今夜の「二本松少年隊の悲劇」は必ず見ます。応援してます!(きのこ)
 
   
Posted at 09:21 / 八重の桜 / この記事のURL
コメント(4)
怒れ八重!『八重の桜』(22) / 2013年06月07日(金)
『八重の桜』第22回 「弟のかたき」

前回「敗戦の責任」は、修理と三郎の死をみごとに描き、その周辺のディスカッションも秀逸に仕上げてきた。感想で誉めまくったけれど、むつみんスゴイ!おみごと!

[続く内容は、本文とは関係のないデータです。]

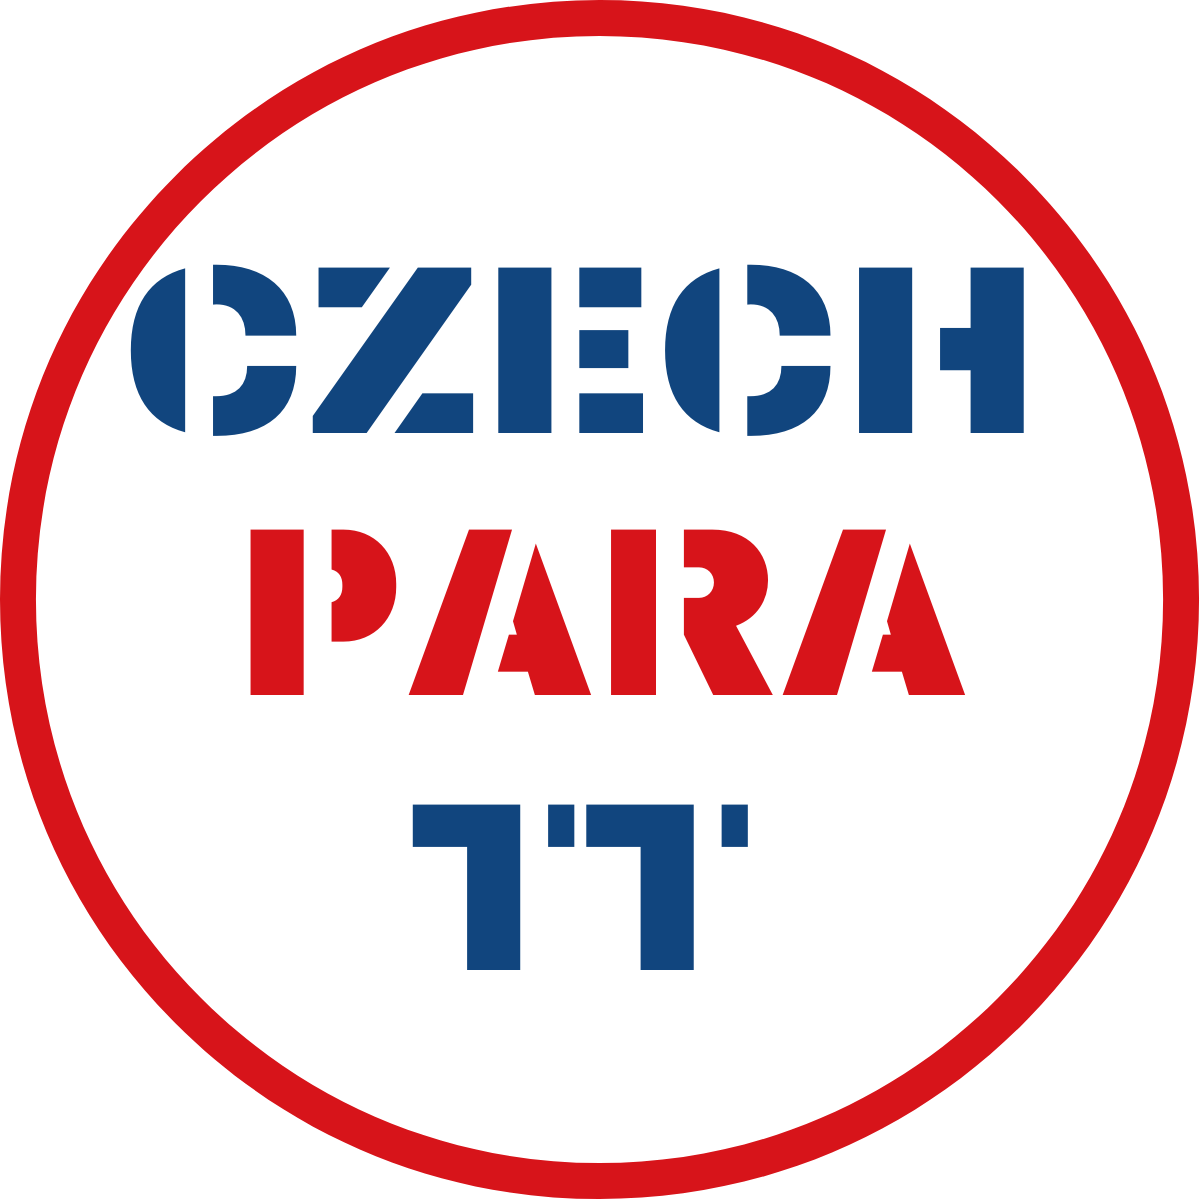 Czech Para TT

(主人公が山本八重だし、うちのブログの最多エントリが山本耕史だし。勝手ながら山本むつみさんに愛称をつけて呼ばせてください。
むっちゃん、ムッチー、山ムー、といろいろ考えたけど、ミタニンも青ざめる大河の出来なので、ムツミンにして、なおかつ本人のイメージが柔らかいのでひらがなにしました。どうでしょかね?良かったらみんなで使ってね)

【ならぬことはならぬ、とは】

21回を堪能した後で、しかし一点、引っかかる部分があった。
それは、一言で言えば

「『ならぬことはならぬ』は、現実否認と思考停止の叫びなのか?」
という疑問。これを先に提示しておきたい。

「什の教え」の結びにある、有名なフレーズ。第2回のサブタイトルでもあった。しかしここのところ、精一杯公平に見ても、この言葉が「現実否認」と「思考停止」と思われても仕方がないように思う。

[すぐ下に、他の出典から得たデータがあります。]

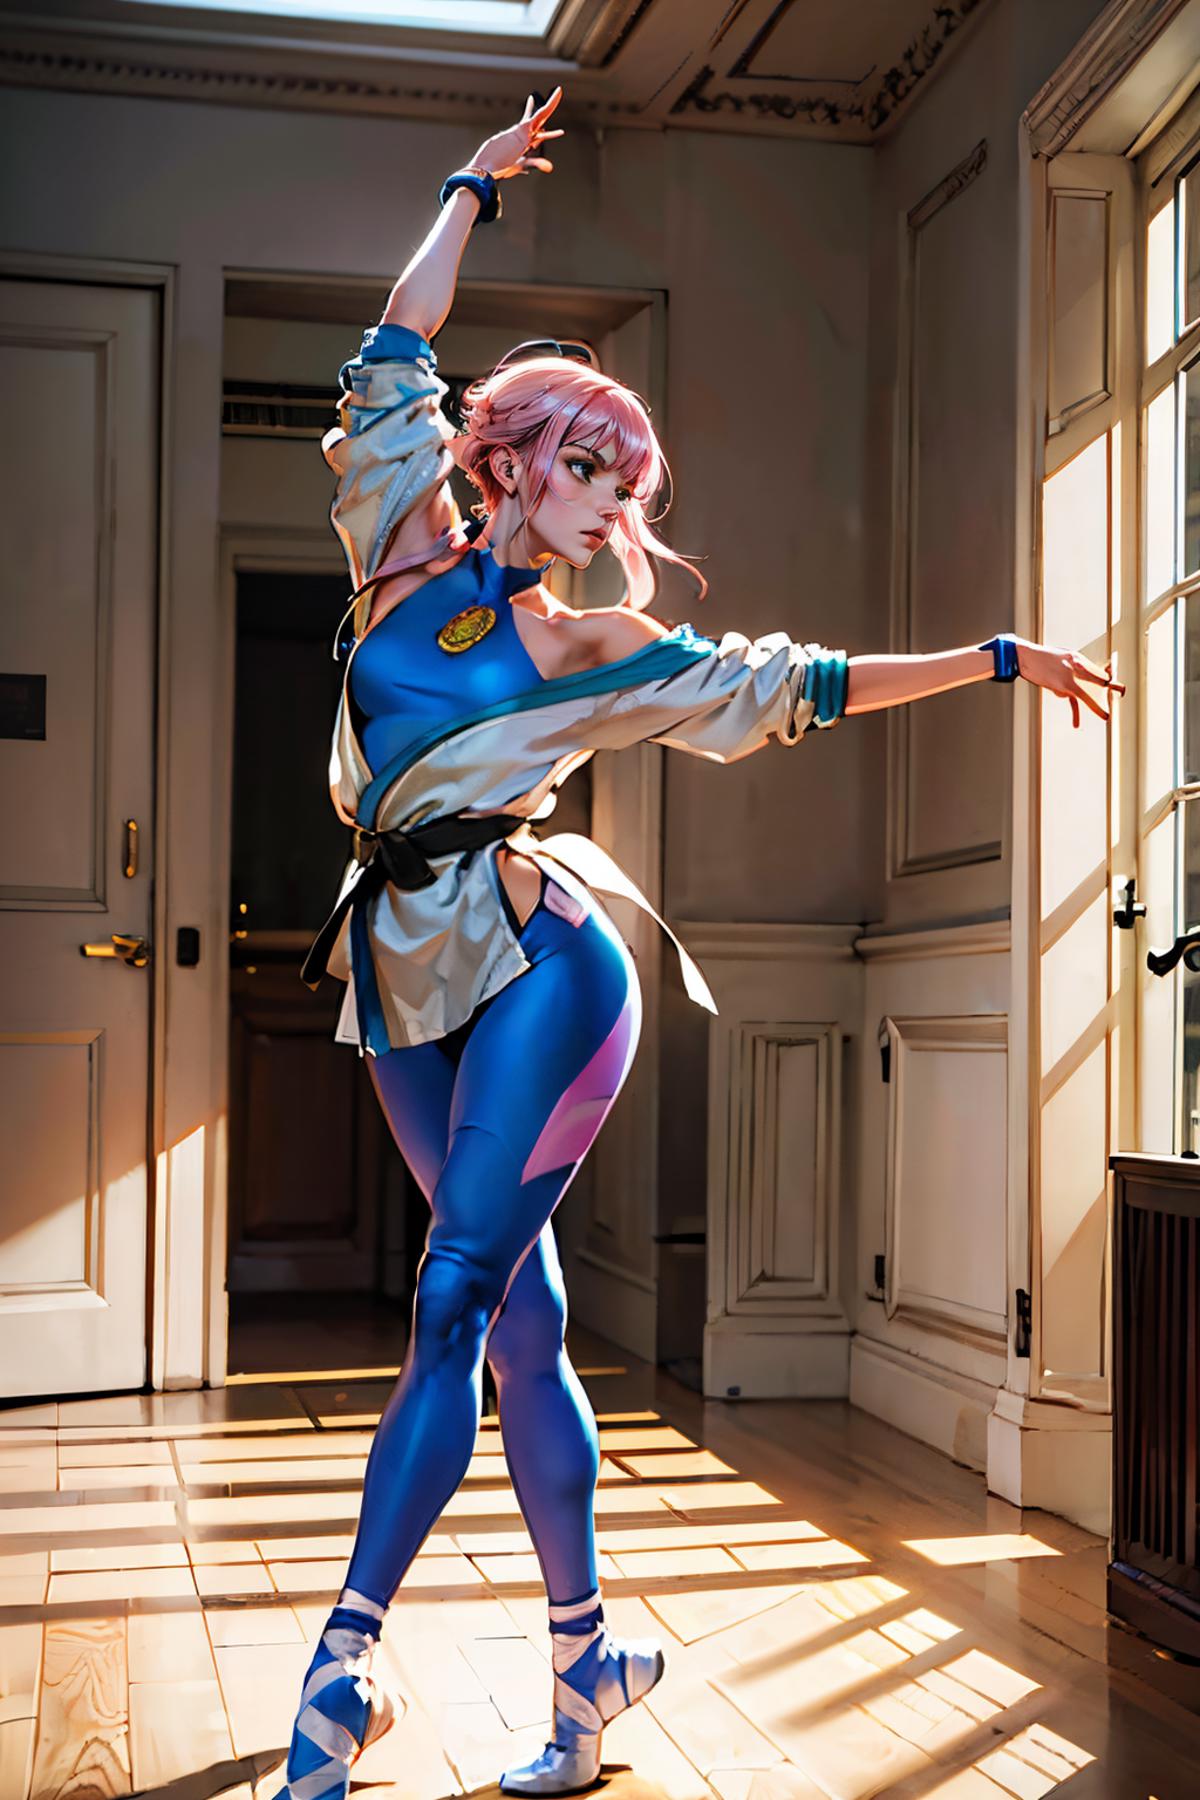 Manon (Street Fighter) LoRA image by wikkitikki

先週第21回、尚之助が「賊軍にならぬためにいったん恭順して」と言った途端、父の権八は切れて言った。
「にしは腰抜けか!ならぬことはならぬ!

問答無用。もうこれ以上は聞く耳持たん!くらいの勢い。
老武士の権八だけではなく、若い八重すらも、直後に尚之助に言う。
「すまねえなし。んだけんど、わだしもとっつぁまの言うことが正しいと思いやす。何年も都をお守りしていた会津が、朝敵のはずはねえ。(中略)
皆で戦えば、負けたままでは終わんね。ならぬことは、ならぬのです」。

先週の八重は、その後の尚之助の言葉「やり直すための恭順なんです!」を受け入れたのだが・・・。

今回は「弟のかたき」という、少し驚くようなサブタイトル。
今どき、忠臣蔵だって「敵討ち」というテーマでは描かれない。
それも、公式本を見ると「戦雲、東へ」というサブタイだったのを、わざわざ改変している。

なにゆえ・・・?

また今回も、定番とはちょっと違う、歴史やキャラクターの描き方がいくつかあり、それが余計に「むつみん大河」への興味を募らせる。

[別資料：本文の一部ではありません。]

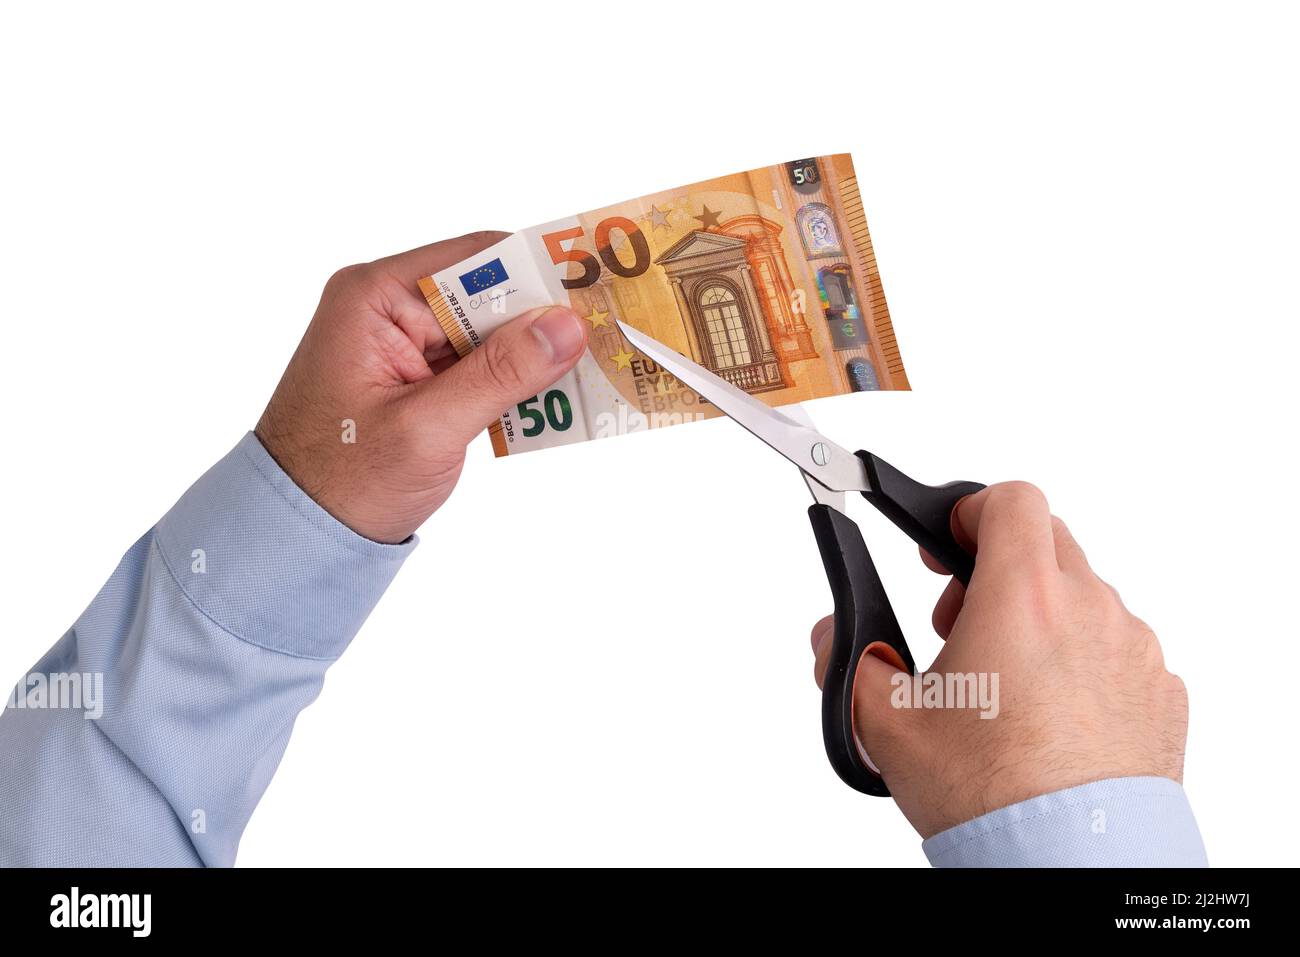 Uomo che taglia una fattura di 50 euro con un paio di forbici. Inflazione e perdita di valore del denaro Foto Stock

正統派大河なんだけれど、安全策を取ってるわけじゃないんです。
それが面白い。

その辺を心に留めつつ、ストーリーに沿ってザザザっと行きます。

【三郎と覚馬、死の知らせ】

江戸を追われ、悲痛な思いを胸に、会津城下に兵たちが帰ってくる。
自分で歩けない負傷兵も、手足を怪我しているものも何人もいる。

往来で心配そうに待つ八重とうら。三郎は、覚馬は、一行の中にいるのか。

竹子の母と妹が無事帰ってきた。喜んで抱き合うものの、八重を見てなにか申しわけなさそうに礼をする。

二葉もやってきた。喜ぶ山川の祖父と母。
山川兵衛「よくもんた!」。
艶「苦労だったなし」。
二葉、平馬と大蔵の無事を家族に告げる。

八重が三郎と覚馬について問うが、二葉も無言。自分の口から言うことではないから・・・。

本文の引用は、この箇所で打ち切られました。